Task description »
The lines below, from the one containing "N Sh170097 Prix" through the one containing "#aaron - Men's", should be set down exactly, with no pictures and nothing else.

Input »
········
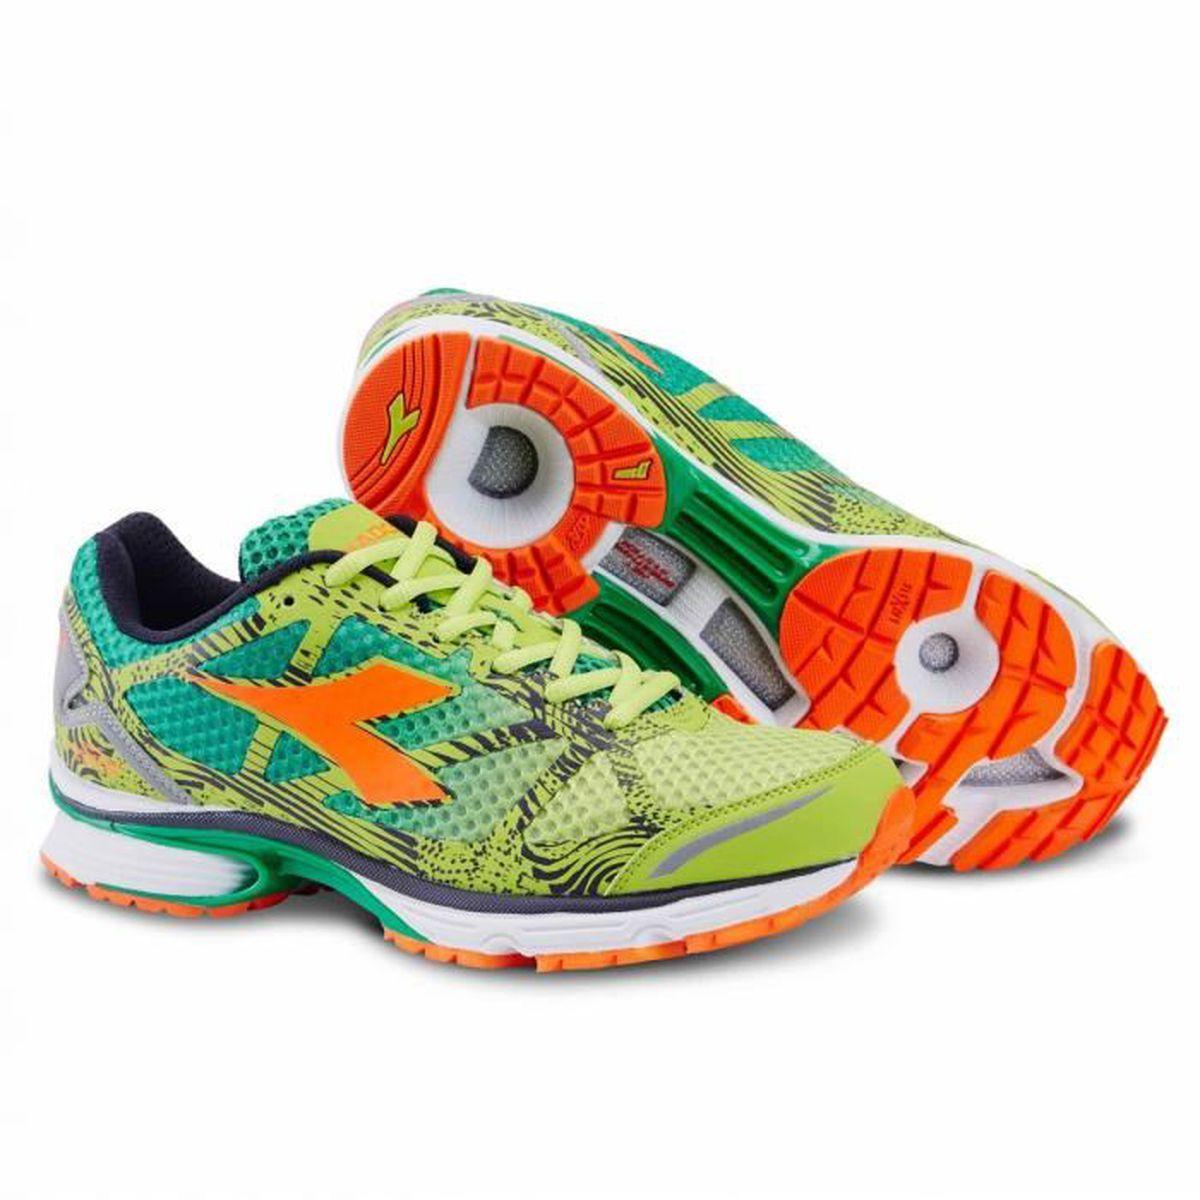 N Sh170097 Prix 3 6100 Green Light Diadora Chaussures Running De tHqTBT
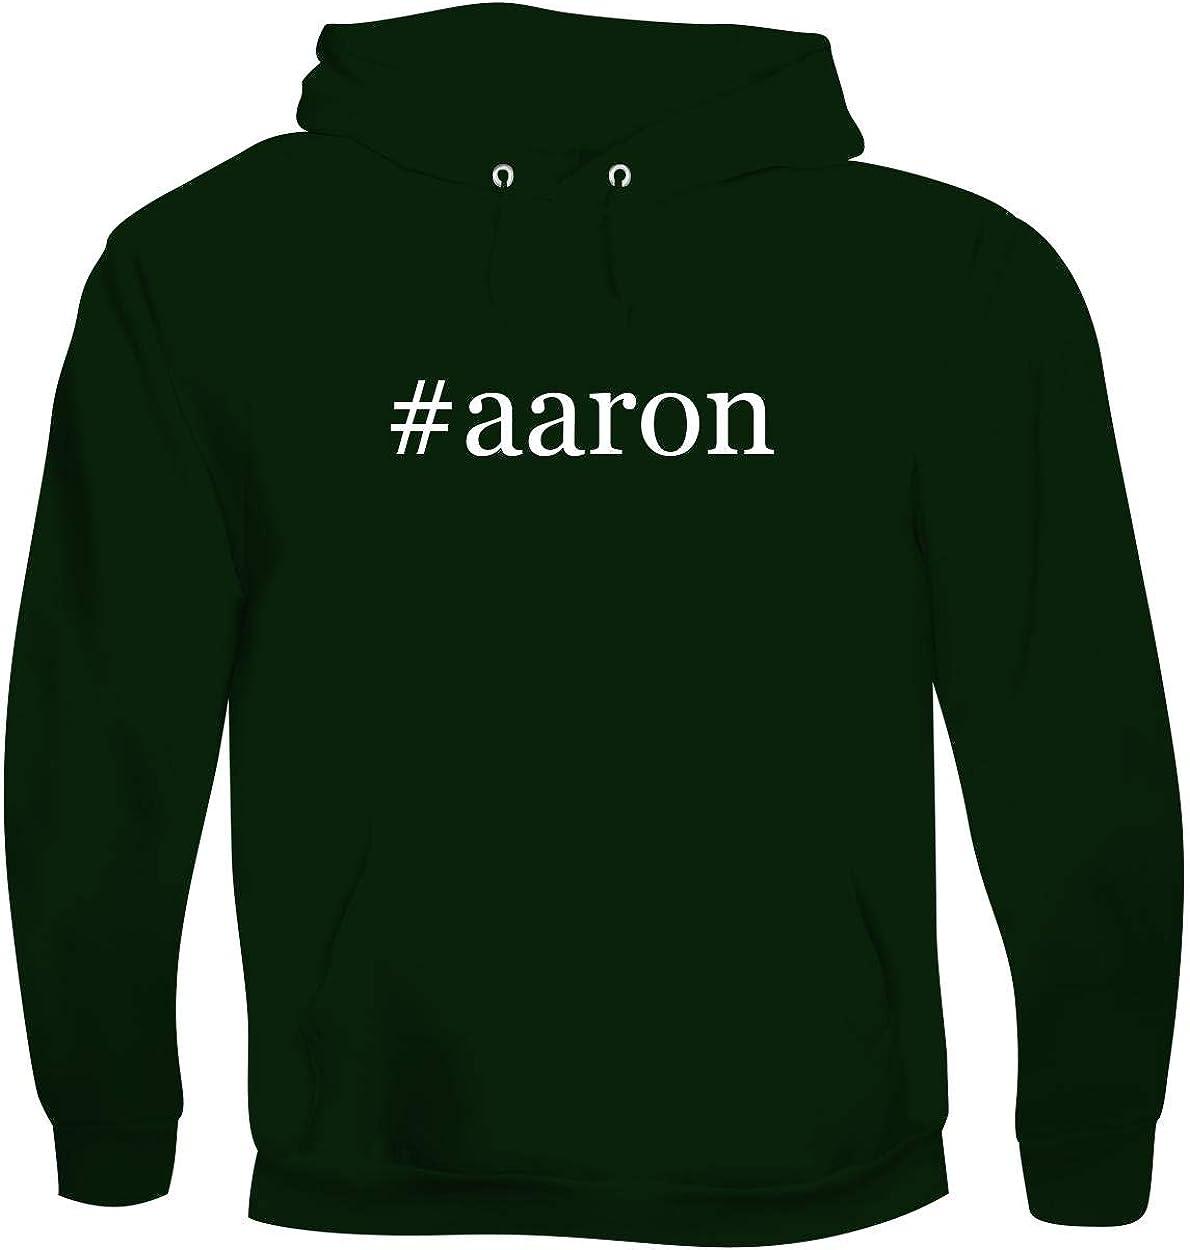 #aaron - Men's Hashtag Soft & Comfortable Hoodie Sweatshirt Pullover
········
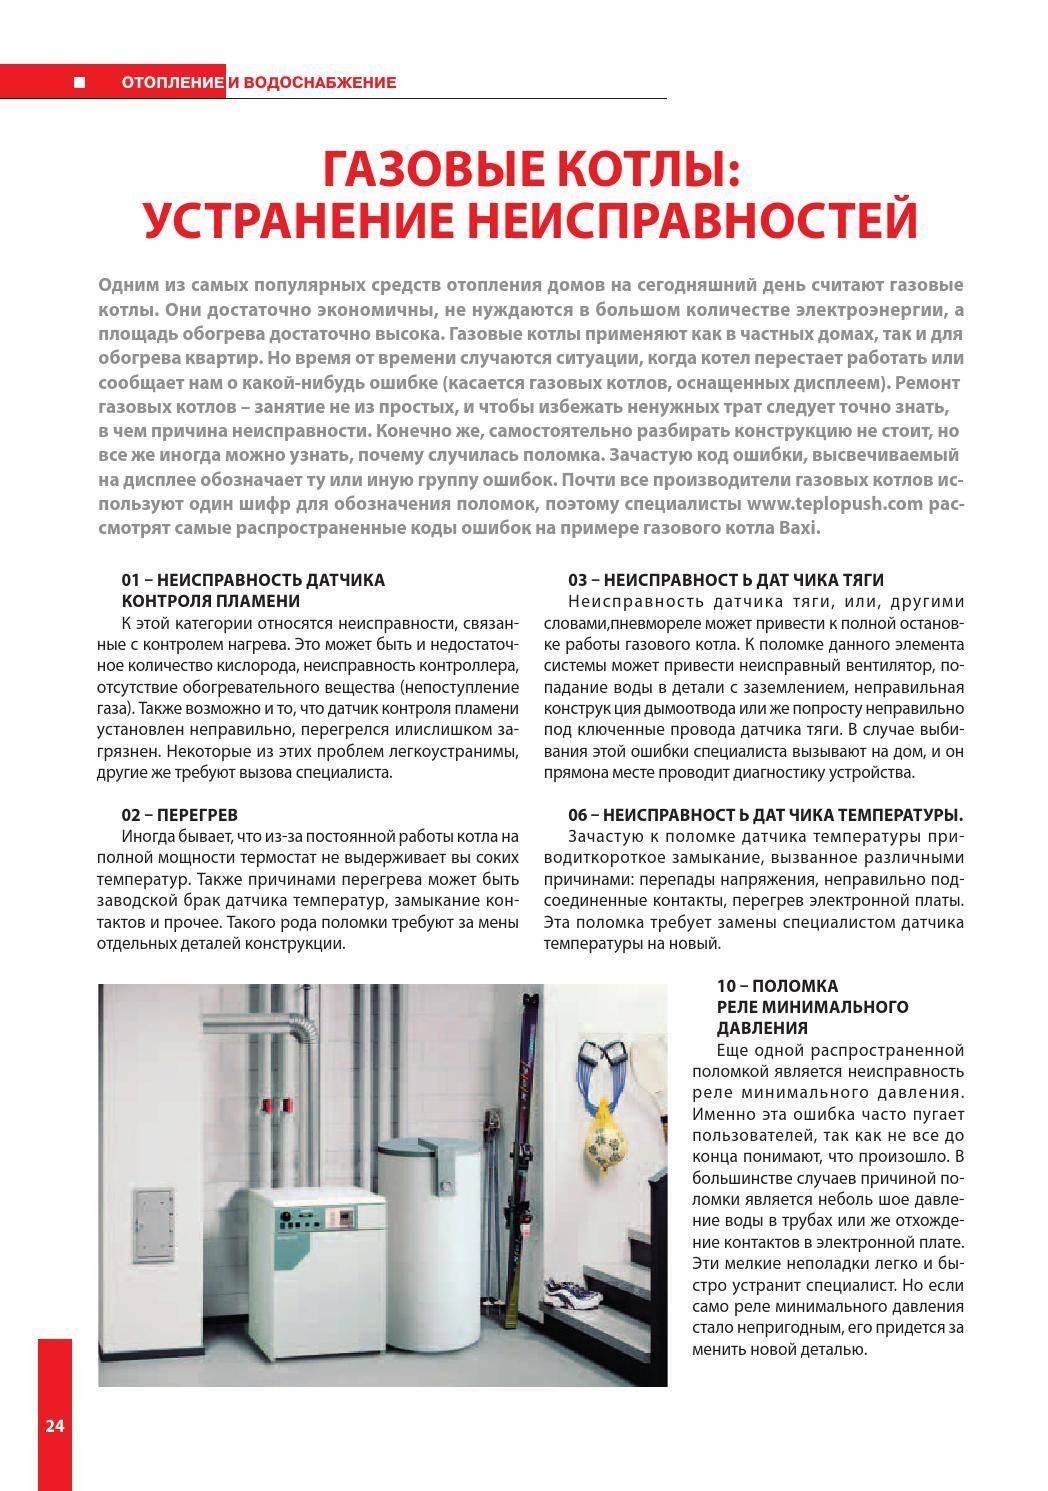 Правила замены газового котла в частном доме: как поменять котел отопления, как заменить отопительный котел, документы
········
Written solution »
 N Sh170097 Prix 3 6100 Green Light Diadora Chaussures Running De tHqTBT
 #aaron - Men's Hashtag Soft & Comfortable Hoodie Sweatshirt Pullover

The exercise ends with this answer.